Directions
What you write must match, character for character, the lines from the one with "Jeremy Swayman &" down to the one with "NASA公布冥王星地表高分辨率图片" in the listing below, minus its pictures.

Given records

[Start of section]

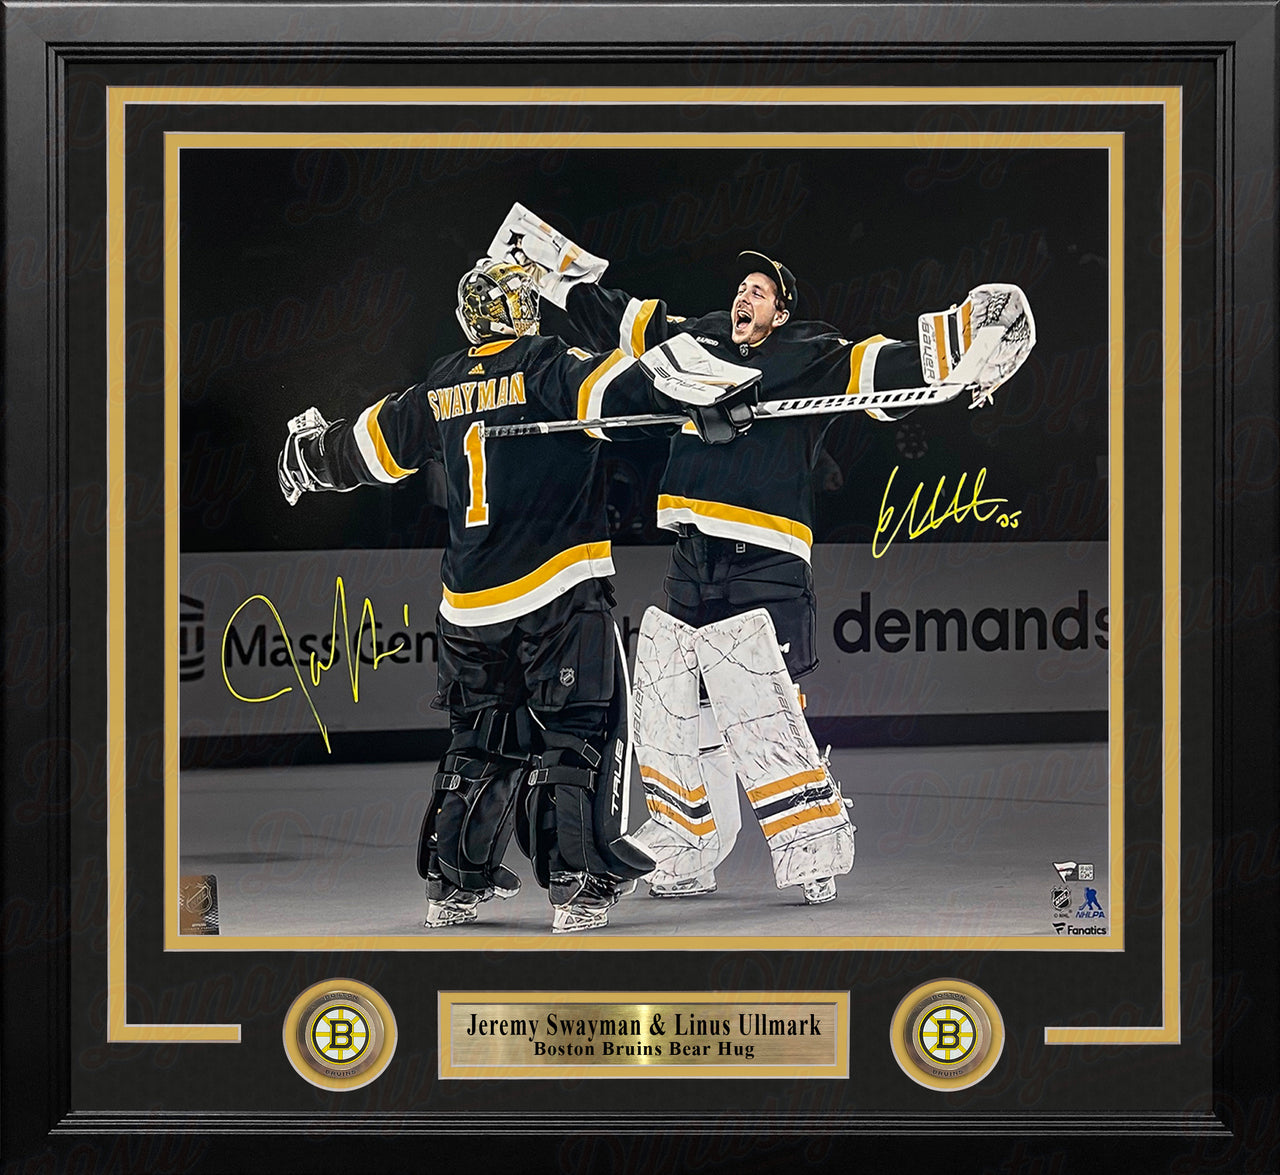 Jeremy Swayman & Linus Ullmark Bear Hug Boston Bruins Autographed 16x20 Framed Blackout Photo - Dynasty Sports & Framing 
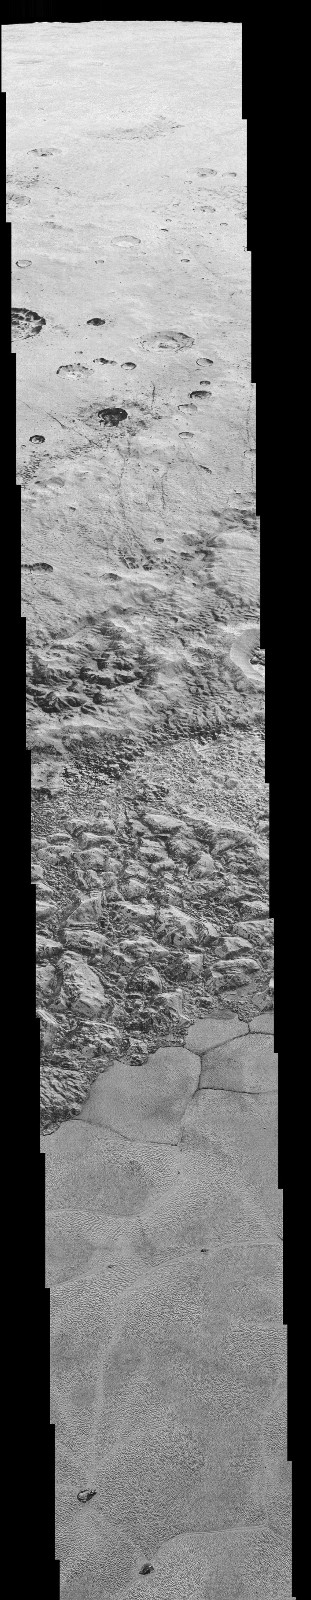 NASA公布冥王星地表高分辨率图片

[End of section]
[Start of section]

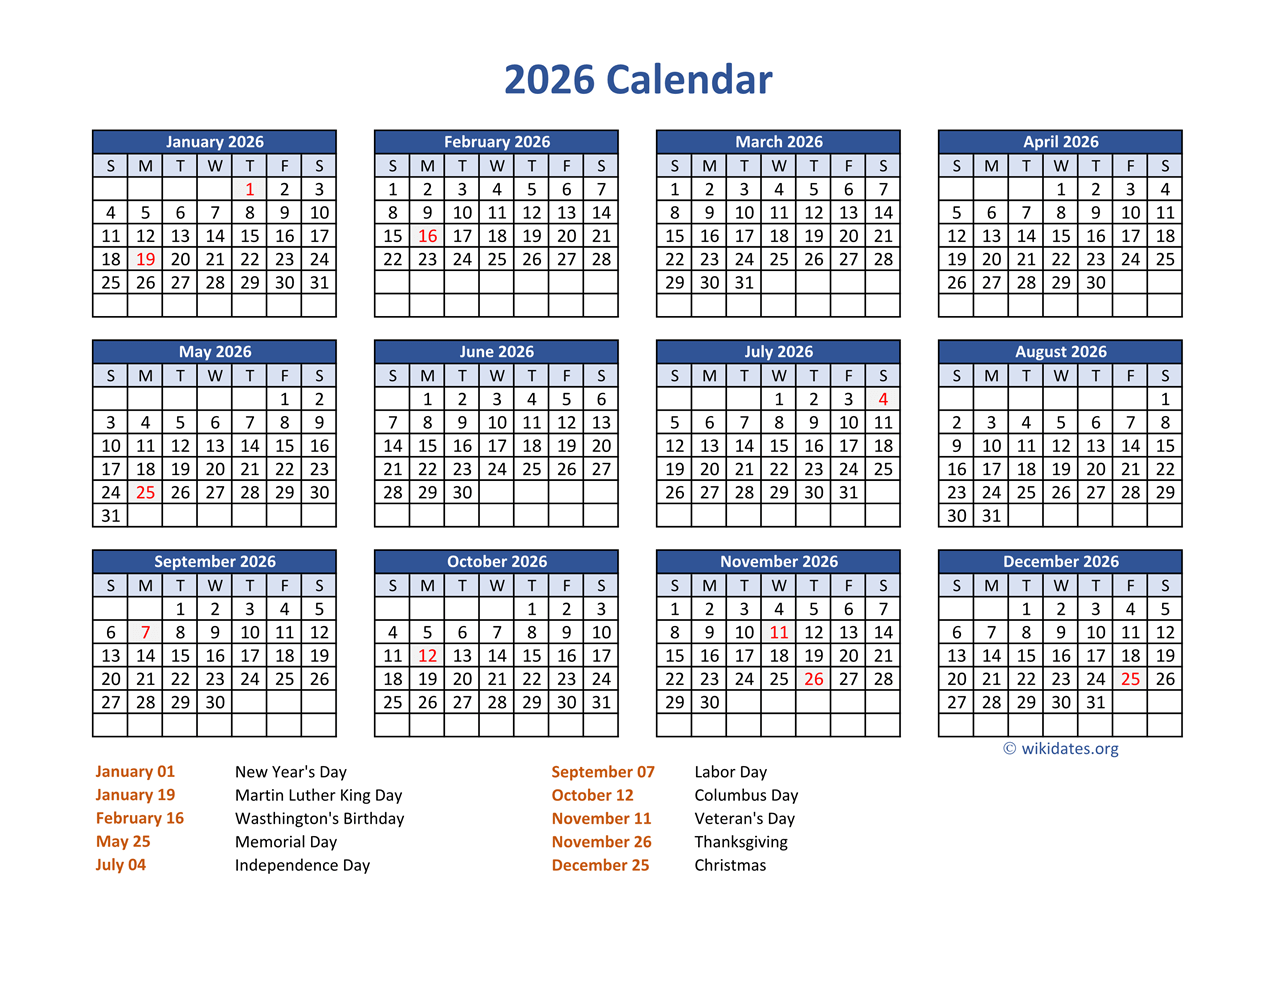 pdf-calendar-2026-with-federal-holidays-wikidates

[End of section]

Response to this task
 Jeremy Swayman & Linus Ullmark Bear Hug Boston Bruins Autographed 16x20 Framed Blackout Photo - Dynasty Sports & Framing 
 NASA公布冥王星地表高分辨率图片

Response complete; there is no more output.